Lifting the export ban simply restores a true market price for Alaskan oil, and the west coast will still be the principle consumer of that product. What this new law does is allow an Alaskan product to be sold at a fair price, the same demand farmers in the Midwest make when they sell their crops or automakers in Detroit make when they sell their products.

The Department of Energy noted in a 1994 study of the export ban that the result of the export ban means ``that the west coast generates the largest gross refiner margins in the world.''

So what does this new law do? It puts fairness back into the economic system and removes an ugly vestige of protectionism.

One of the main reasons I have come to the floor is to congratulate the chairman of the Energy Committee, my colleague and good friend, Senator Frank Murkowski. I also congratulate Congressman Don Young, chairman of the House Resources Committee. My two colleagues made great efforts to shepherd this bill through the legislative process.

Actually, Mr. President, I think the President signed the bill principally to help California because most of the jobs to be restored will be in California. And I do thank him and Energy Secretary O'Leary for their support of this bill.

The Department of Energy did issue a comprehensive report last year that proved once and for all that the ban on exporting Alaskan oil made no sense. Lifting that ban will create 25,000 jobs nationally, most of them in California, as I said, and could return substantial funds to the Nation and to the States of California and Alaska.

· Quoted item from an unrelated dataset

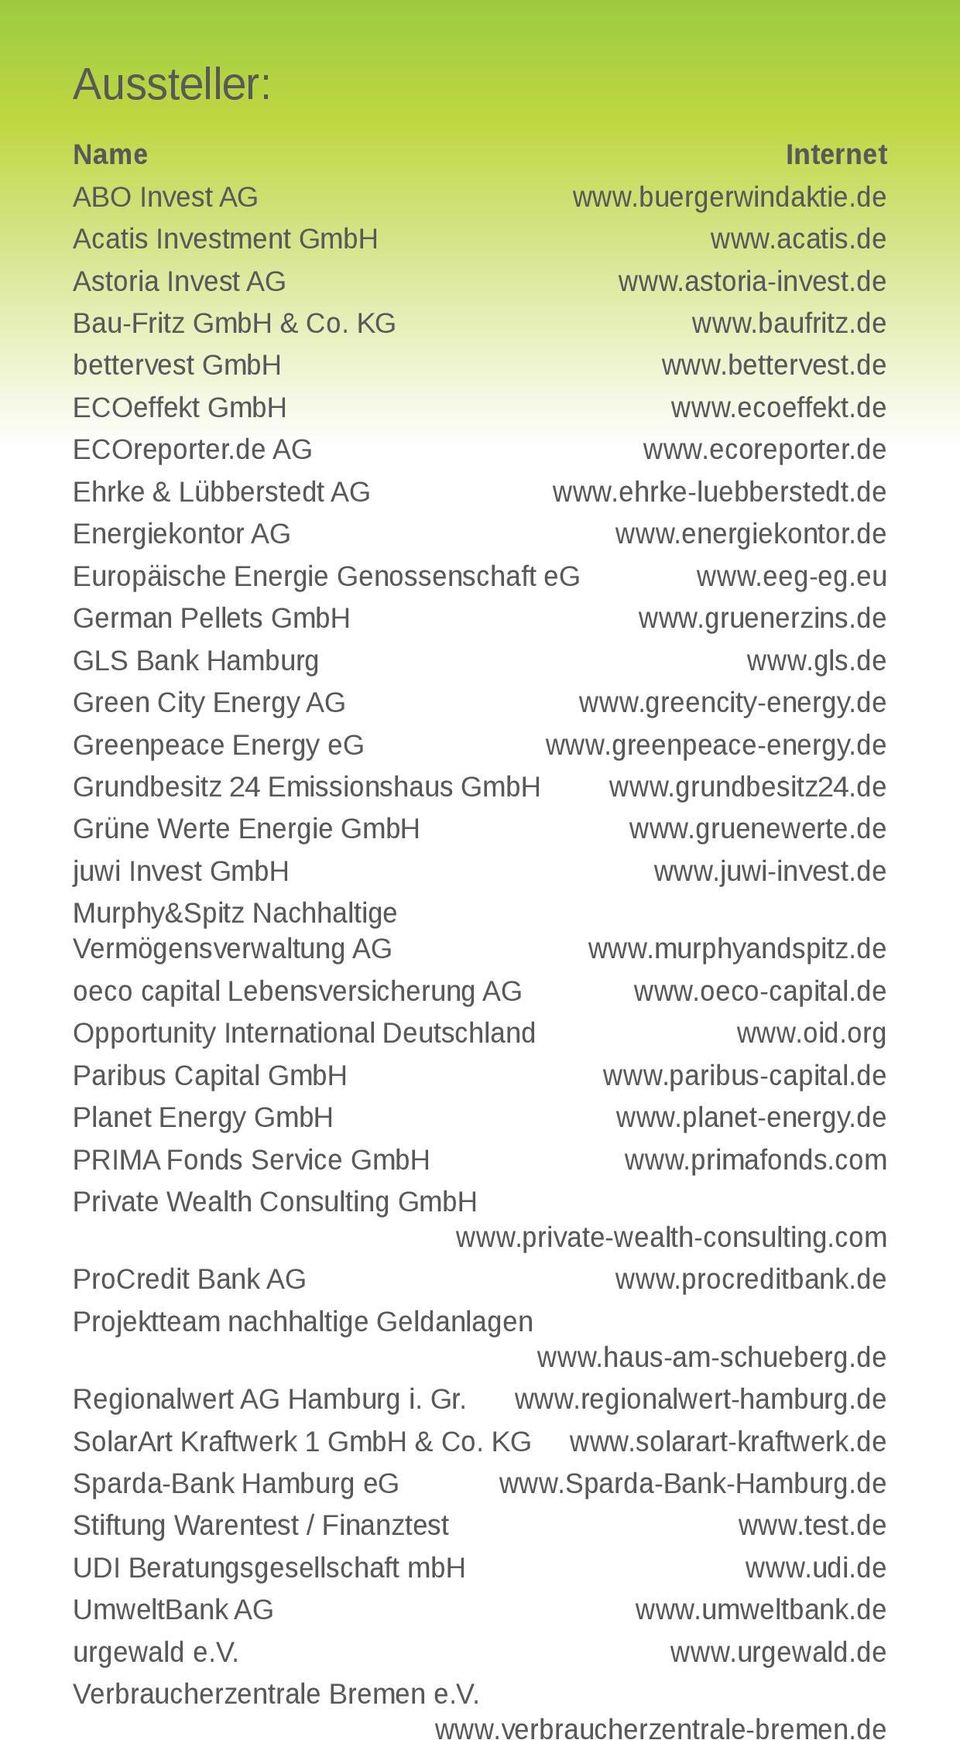 de Europäische Energie Genossenschaft eg www.eeg-eg.eu German Pellets GmbH www.gruenerzins.de GLS Bank Hamburg www.gls.de Green City Energy AG www.greencity-energy.de Greenpeace Energy eg www.

The sale of the Alaska Power Administration is another item, an item that I have worked on for more than two decades. During the Nixon administration, I introduced in the Senate the first bill to authorize the sale of this entity.

Today's actions restore some of the promise that was made when we obtained statehood for Alaskans. We always sought to be a full partner with other States. For too long, Alaska has been treated as a second-

class citizen, and I think the export ban was one example. The refusal to pass the law to sell the Alaska Power Administration, as was requested by our citizens 20 years ago, is also an example of just holding up something that was good for Alaska because one Senator in the Congress opposed it.

I do believe that in a State where the Federal Government controls more than 70 percent of the land that we should have been able to export our oil as a marketable product. There would have been a great deal more demand for Alaska's oil exploration in the last period particularly since the discovery of oil on the North Slope. I think it was unfortunate that that was one of the provisions we had to agree to to obtain approval by Congress of the bill that gave us authority to grant the right-of-way for the Trans-Alaska Pipeline.

In my judgment, this has been a long time coming. There is still a long line of actions, Mr. President. The Alaskans have requested us to give them full rights of statehood, and I intend to come to the Senate and ask for those rights as the time goes by.

Thank you very much, Mr. President. I suggest the absence of a quorum.

The PRESIDING OFFICER. The clerk will call the roll.

The bill clerk called the roll.

Mr. PRESSLER. Mr. President, I ask unanimous consent that the order for the quorum call be rescinded.

The PRESIDING OFFICER. Without objection, it is so ordered.

Mr. PRESSLER. Mr. President, I ask unanimous consent to speak for 5 minutes as in morning business.

The PRESIDING OFFICER. Without objection, it is so ordered. The Senator from South Dakota is recognized.